● **What to work on**: When you copy from the entries that follow, take only the lines from the one with "Learn Irish with The Great Gatsby - Weeve" down to the one with "Celebrate Latin jazz", keeping both ends and dropping every picture.

START Data for this task

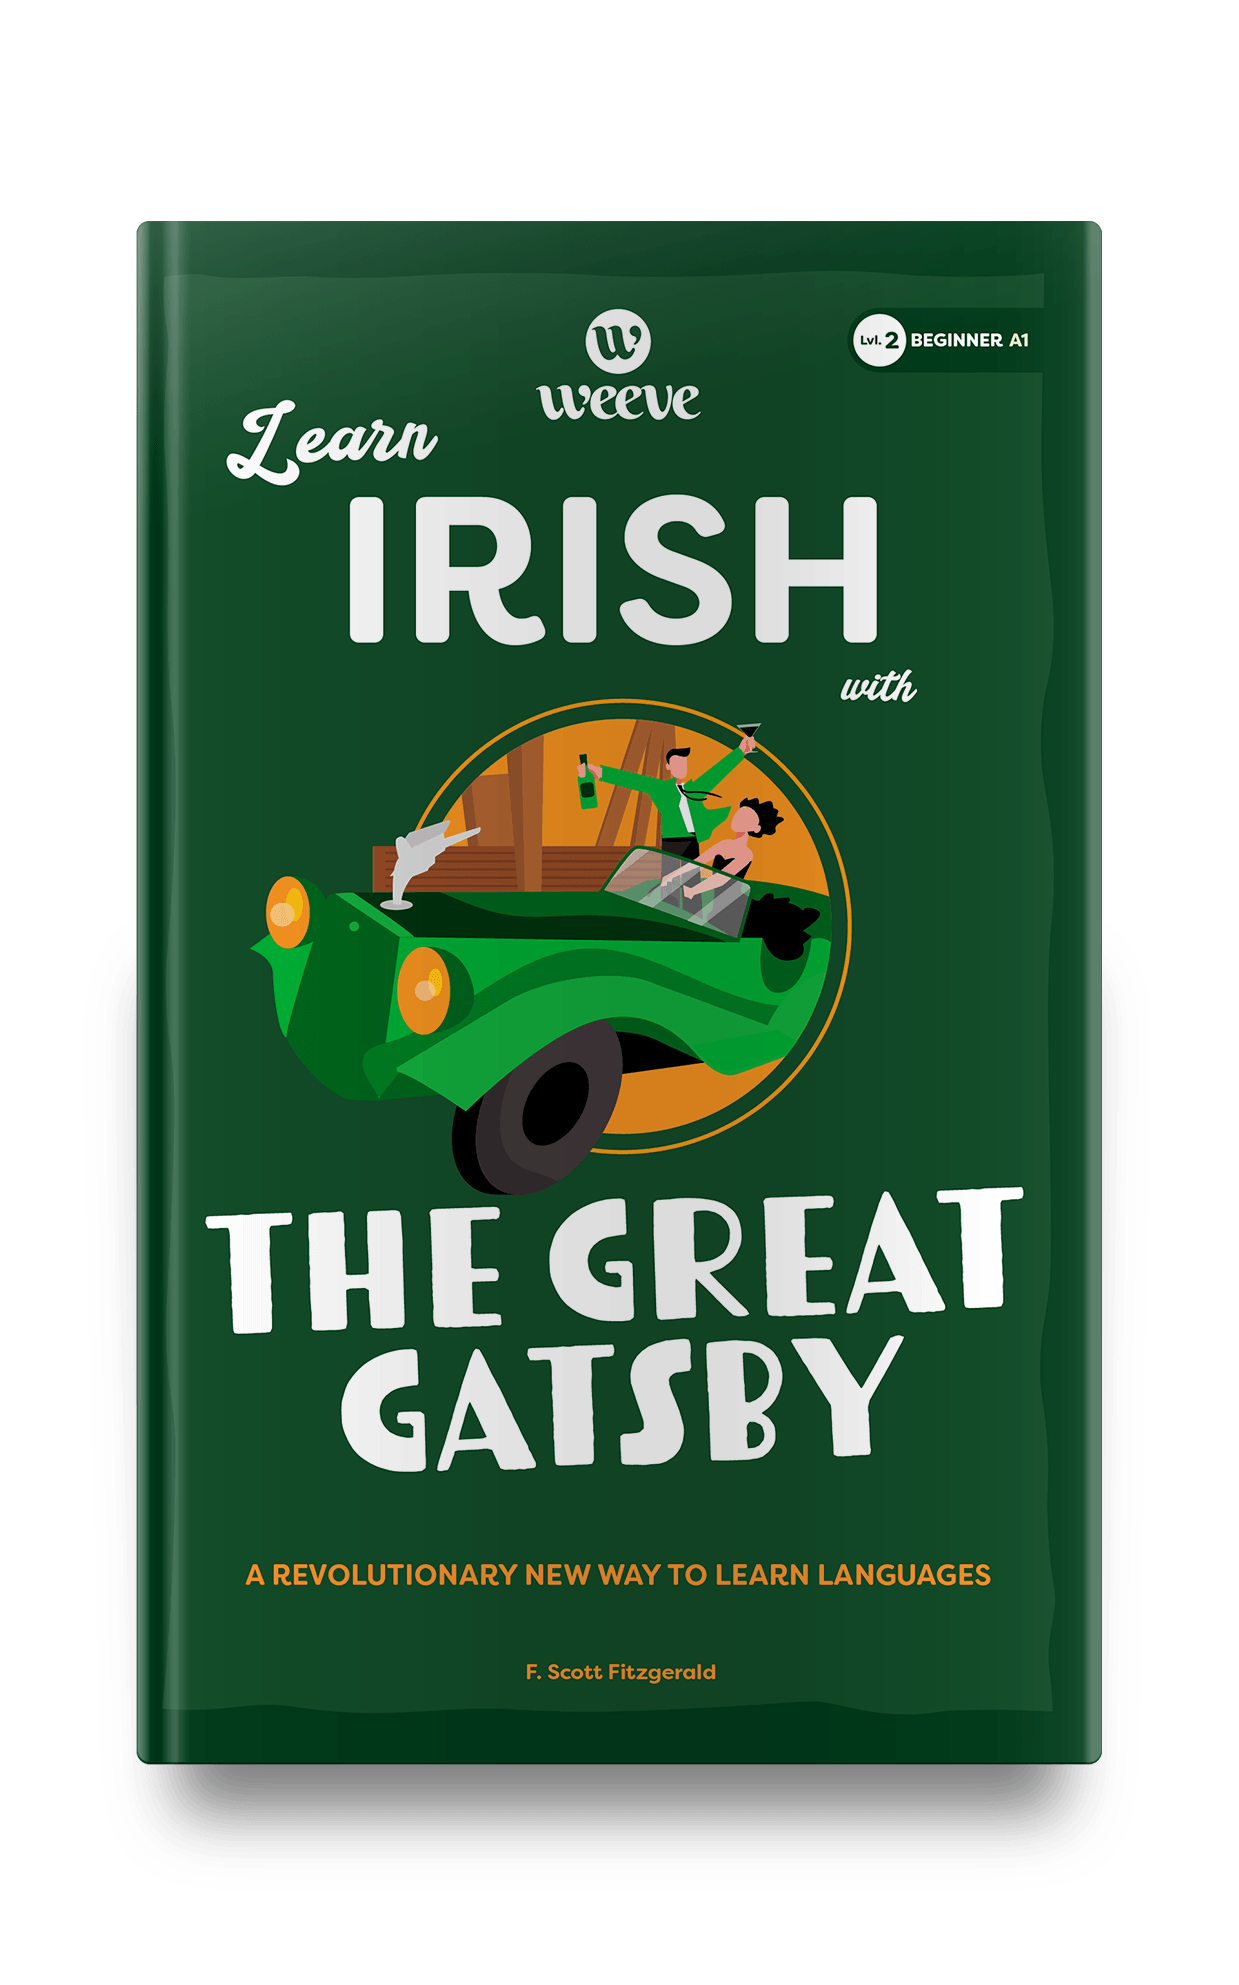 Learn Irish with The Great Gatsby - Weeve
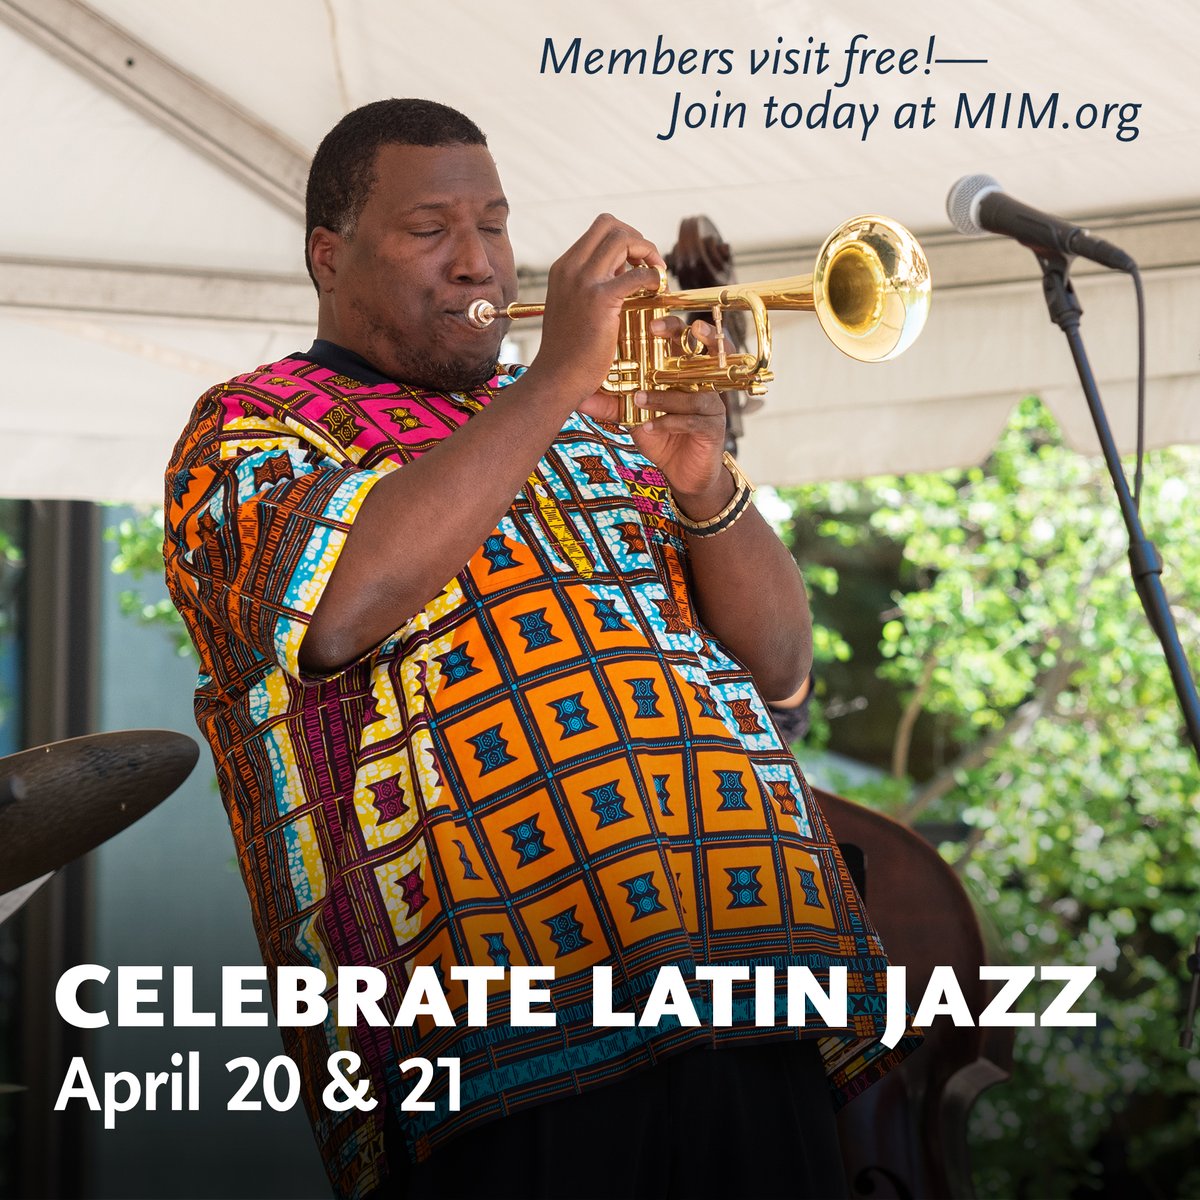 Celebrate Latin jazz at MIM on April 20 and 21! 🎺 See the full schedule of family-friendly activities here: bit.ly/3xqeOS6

END Data for this task
START Data for this task

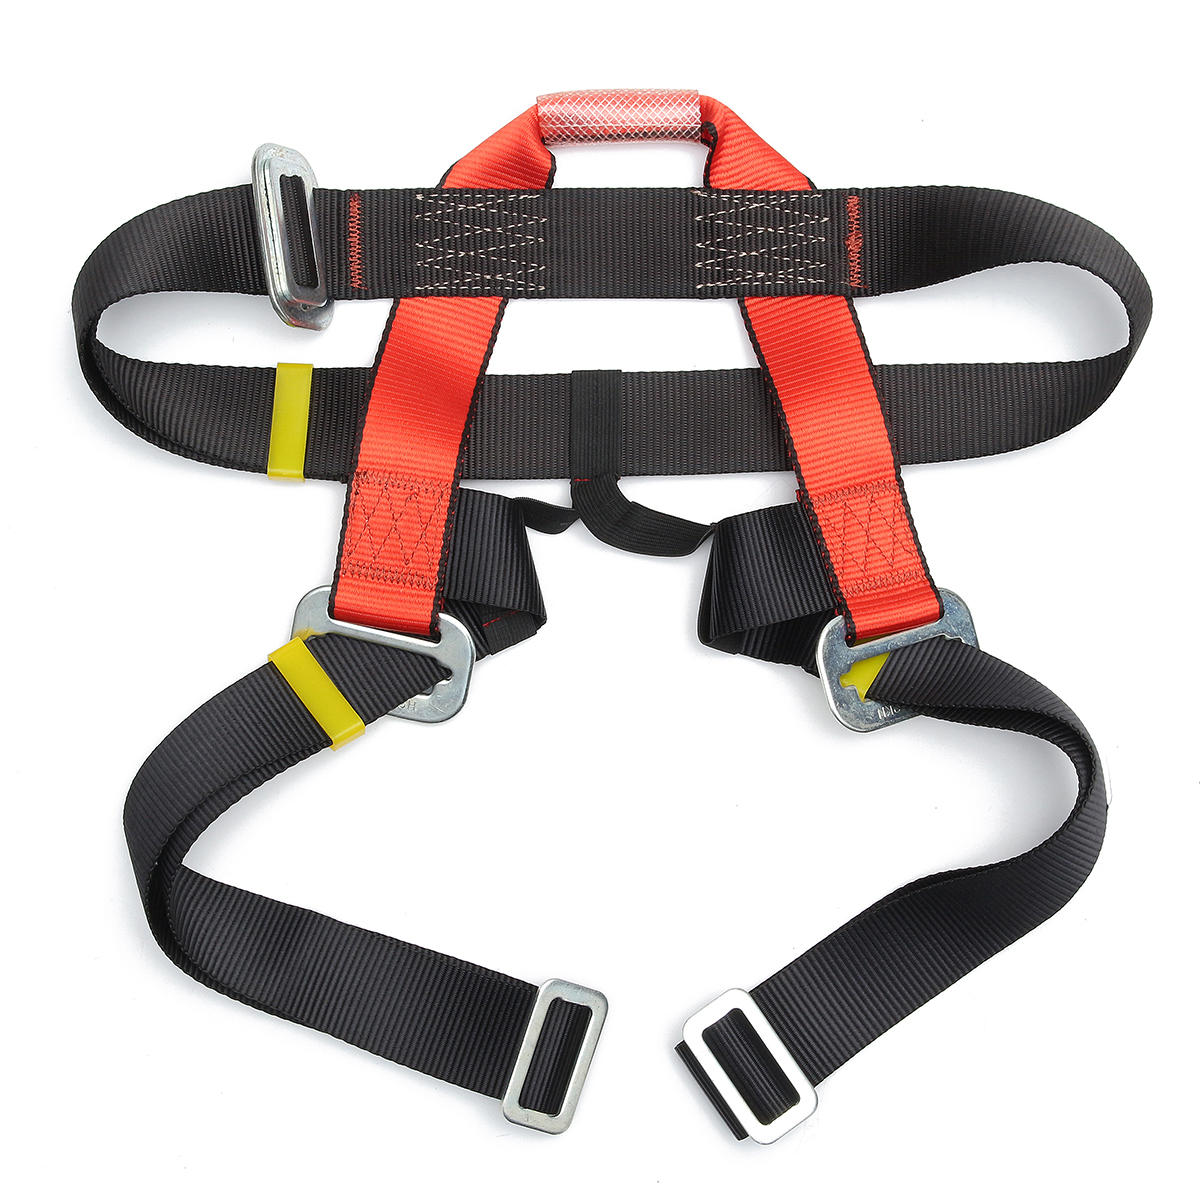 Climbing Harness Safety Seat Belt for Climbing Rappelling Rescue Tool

END Data for this task

● **Output**:
 Learn Irish with The Great Gatsby - Weeve
 Celebrate Latin jazz at MIM on April 20 and 21! 🎺 See the full schedule of family-friendly activities here: bit.ly/3xqeOS6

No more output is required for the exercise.